/context-engineering-dspy

Context Engineering Course with DSPy

Primary LanguageJupyter NotebookMIT LicenseMIT

Context Engineering Tutorial

This repo contains the source code from my Youtube course on Context Engineering with DSPy.

📺 Watch the Course for free
Context Engineering - Complete 1h 20m Course
Learn advanced prompt engineering techniques with hands-on examples

Support

If you find this content helpful, please consider supporting my work on Patreon. Your support helps me create more in-depth tutorials and content. My Patreon hosts all the code, projects, slides, write-ups I have ever made on my YouTube channel.

Become a Patron!

Getting Started

Prerequisites

  • Python 3.10+ (required)
  • uv (recommended) or pip for package management

Installation

  1. Clone the repository:

    git clone https://github.com/avbiswas/context-engineering-dspy
    cd context-engineering-dspy/tutorial
  2. Install dependencies:

    # Using uv
    uv sync
  3. Set up your API keys:

    Required API Keys:

    • OPENAI_API_KEY - For OpenAI models
    • GEMINI_API_KEY - For Google Gemini models
    • TAVILY_API_KEY - For web search functionality

    Environment Management Options:

    Option 1: Using direnv (Recommended)

    # Install direnv first, then create .envrc file
    echo "export OPENAI_API_KEY=your_key_here" >> .envrc
    echo "export GEMINI_API_KEY=your_key_here" >> .envrc
    echo "export TAVILY_API_KEY=your_key_here" >> .envrc
    direnv allow

    Option 2: Using .env file with python-dotenv

    # Create .env file
    touch .env

    Add your keys to .env:

    OPENAI_API_KEY=your_key_here
    GEMINI_API_KEY=your_key_here
    TAVILY_API_KEY=your_key_here

    Note: This requires adding dotenv.load_dotenv() to your Python scripts.

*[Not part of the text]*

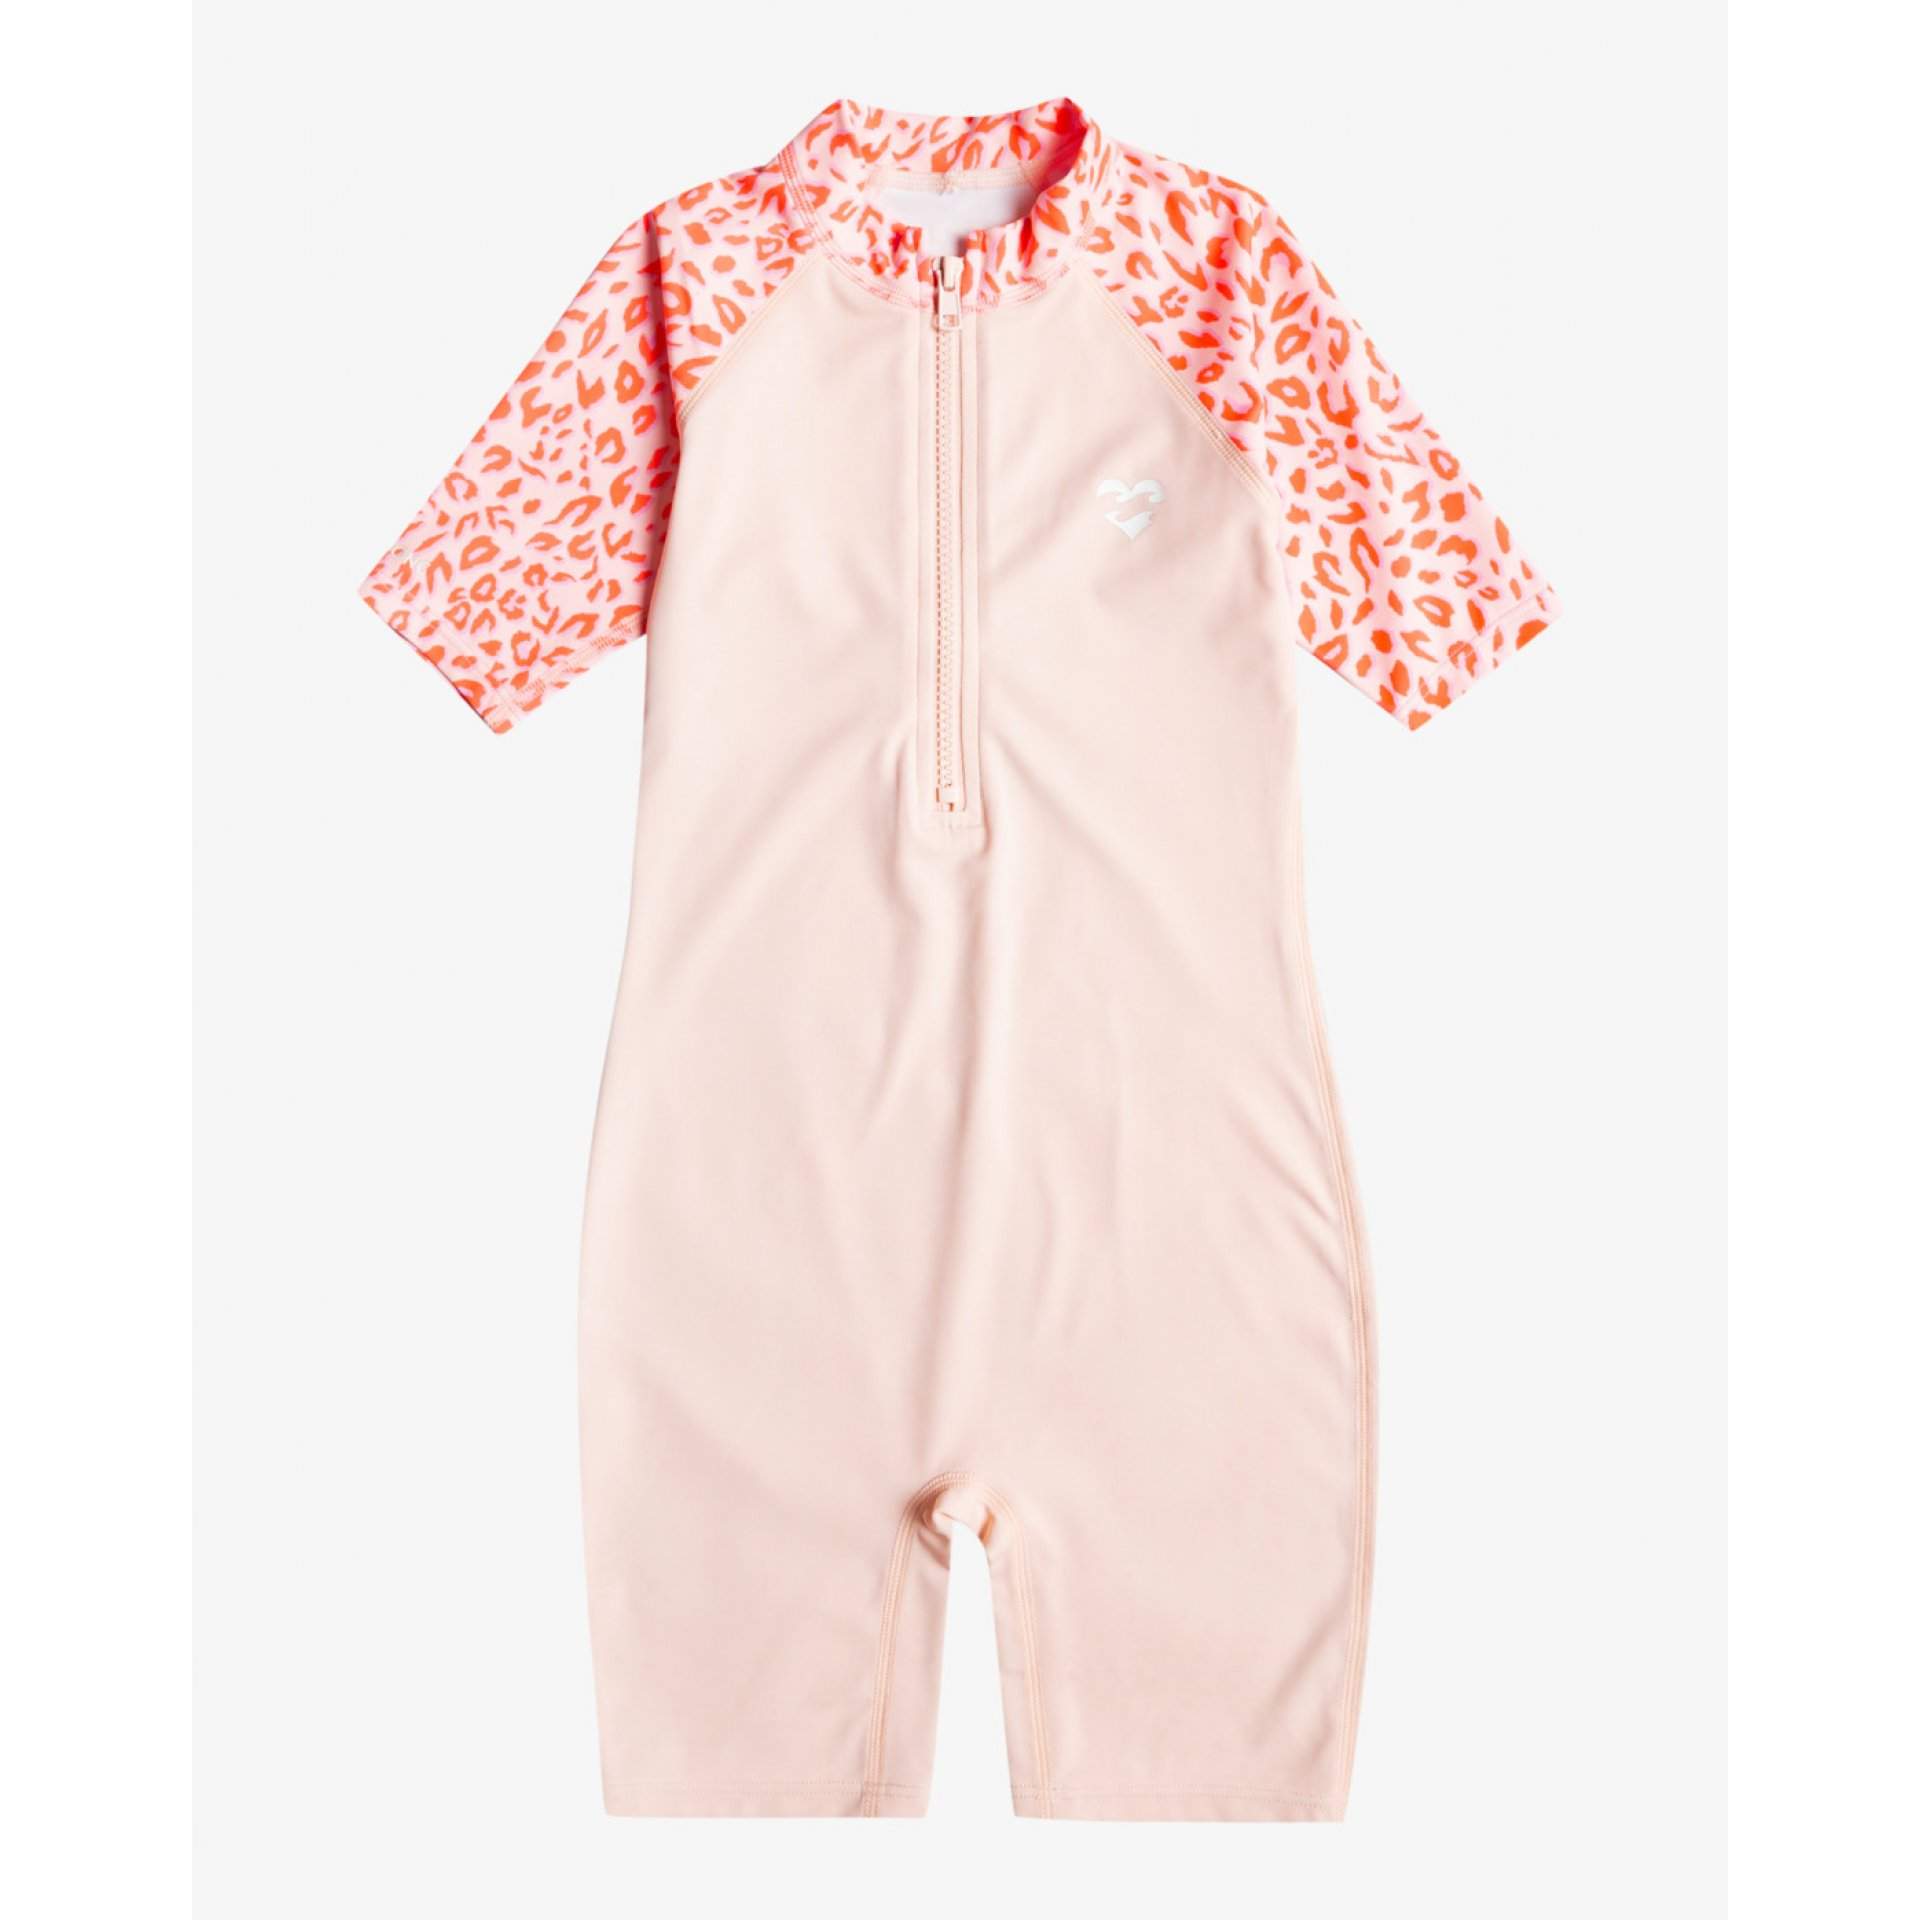 Billabong - UV Rashguard for babies - Short sleeve - Billie logo combi - Just Peachy

    Option 3: Global environment variables (Not recommended for security)

    export OPENAI_API_KEY=your_key_here
    # Repeat for other keys...
  4. Run the examples: Navigate to any level directory and run the Python scripts:

    cd level2_multi_interaction
    uv run t1_sequential_flow.py

File Descriptions

Level 1: Atomic Prompts

  • level1_atomic_prompts/level1.ipynb: Introduces the basics of prompting and interacting with language models.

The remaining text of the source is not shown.